Start of Source records

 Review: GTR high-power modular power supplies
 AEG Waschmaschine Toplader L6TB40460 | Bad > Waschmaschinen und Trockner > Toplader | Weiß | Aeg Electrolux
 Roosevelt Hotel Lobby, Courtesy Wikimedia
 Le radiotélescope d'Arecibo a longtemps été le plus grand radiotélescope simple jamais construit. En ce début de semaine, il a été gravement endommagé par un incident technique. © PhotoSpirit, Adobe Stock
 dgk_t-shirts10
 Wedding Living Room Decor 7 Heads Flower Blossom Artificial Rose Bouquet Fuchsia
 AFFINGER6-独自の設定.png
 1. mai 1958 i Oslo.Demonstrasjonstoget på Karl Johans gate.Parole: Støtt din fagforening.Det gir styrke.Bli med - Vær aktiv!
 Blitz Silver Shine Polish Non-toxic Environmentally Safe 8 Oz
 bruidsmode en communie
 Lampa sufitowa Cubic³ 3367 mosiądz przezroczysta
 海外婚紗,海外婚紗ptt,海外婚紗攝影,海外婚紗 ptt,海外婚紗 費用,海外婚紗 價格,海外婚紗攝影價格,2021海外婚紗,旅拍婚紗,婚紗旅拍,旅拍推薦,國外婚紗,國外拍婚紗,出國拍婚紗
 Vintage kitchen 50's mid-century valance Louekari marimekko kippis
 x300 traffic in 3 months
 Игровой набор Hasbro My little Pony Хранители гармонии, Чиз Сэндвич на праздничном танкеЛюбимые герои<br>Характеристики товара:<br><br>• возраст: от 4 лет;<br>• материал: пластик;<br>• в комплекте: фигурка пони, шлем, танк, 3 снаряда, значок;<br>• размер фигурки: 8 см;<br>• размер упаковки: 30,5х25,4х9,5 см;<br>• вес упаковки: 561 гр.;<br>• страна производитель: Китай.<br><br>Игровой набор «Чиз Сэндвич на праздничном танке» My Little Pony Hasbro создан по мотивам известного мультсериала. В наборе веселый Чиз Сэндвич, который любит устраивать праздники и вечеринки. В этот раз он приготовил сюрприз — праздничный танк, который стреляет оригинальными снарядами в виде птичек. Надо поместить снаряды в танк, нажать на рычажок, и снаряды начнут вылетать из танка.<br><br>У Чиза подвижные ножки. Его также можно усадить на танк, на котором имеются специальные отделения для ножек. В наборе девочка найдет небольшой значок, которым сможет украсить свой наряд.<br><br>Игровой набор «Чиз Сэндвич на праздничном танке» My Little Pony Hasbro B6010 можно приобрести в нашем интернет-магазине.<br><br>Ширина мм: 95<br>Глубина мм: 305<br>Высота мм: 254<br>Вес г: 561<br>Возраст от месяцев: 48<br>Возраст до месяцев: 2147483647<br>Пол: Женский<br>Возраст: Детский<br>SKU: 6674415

End of Source records

§ What you are asked to do: The entries are to be duplicated exactly, with nothing changed.

§ Finished task:
 Review: GTR high-power modular power supplies
 AEG Waschmaschine Toplader L6TB40460 | Bad > Waschmaschinen und Trockner > Toplader | Weiß | Aeg Electrolux
 Roosevelt Hotel Lobby, Courtesy Wikimedia
 Le radiotélescope d'Arecibo a longtemps été le plus grand radiotélescope simple jamais construit. En ce début de semaine, il a été gravement endommagé par un incident technique. © PhotoSpirit, Adobe Stock
 dgk_t-shirts10
 Wedding Living Room Decor 7 Heads Flower Blossom Artificial Rose Bouquet Fuchsia
 AFFINGER6-独自の設定.png
 1. mai 1958 i Oslo.Demonstrasjonstoget på Karl Johans gate.Parole: Støtt din fagforening.Det gir styrke.Bli med - Vær aktiv!
 Blitz Silver Shine Polish Non-toxic Environmentally Safe 8 Oz
 bruidsmode en communie
 Lampa sufitowa Cubic³ 3367 mosiądz przezroczysta
 海外婚紗,海外婚紗ptt,海外婚紗攝影,海外婚紗 ptt,海外婚紗 費用,海外婚紗 價格,海外婚紗攝影價格,2021海外婚紗,旅拍婚紗,婚紗旅拍,旅拍推薦,國外婚紗,國外拍婚紗,出國拍婚紗
 Vintage kitchen 50's mid-century valance Louekari marimekko kippis
 x300 traffic in 3 months
 Игровой набор Hasbro My little Pony Хранители гармонии, Чиз Сэндвич на праздничном танкеЛюбимые герои<br>Характеристики товара:<br><br>• возраст: от 4 лет;<br>• материал: пластик;<br>• в комплекте: фигурка пони, шлем, танк, 3 снаряда, значок;<br>• размер фигурки: 8 см;<br>• размер упаковки: 30,5х25,4х9,5 см;<br>• вес упаковки: 561 гр.;<br>• страна производитель: Китай.<br><br>Игровой набор «Чиз Сэндвич на праздничном танке» My Little Pony Hasbro создан по мотивам известного мультсериала. В наборе веселый Чиз Сэндвич, который любит устраивать праздники и вечеринки. В этот раз он приготовил сюрприз — праздничный танк, который стреляет оригинальными снарядами в виде птичек. Надо поместить снаряды в танк, нажать на рычажок, и снаряды начнут вылетать из танка.<br><br>У Чиза подвижные ножки. Его также можно усадить на танк, на котором имеются специальные отделения для ножек. В наборе девочка найдет небольшой значок, которым сможет украсить свой наряд.<br><br>Игровой набор «Чиз Сэндвич на праздничном танке» My Little Pony Hasbro B6010 можно приобрести в нашем интернет-магазине.<br><br>Ширина мм: 95<br>Глубина мм: 305<br>Высота мм: 254<br>Вес г: 561<br>Возраст от месяцев: 48<br>Возраст до месяцев: 2147483647<br>Пол: Женский<br>Возраст: Детский<br>SKU: 6674415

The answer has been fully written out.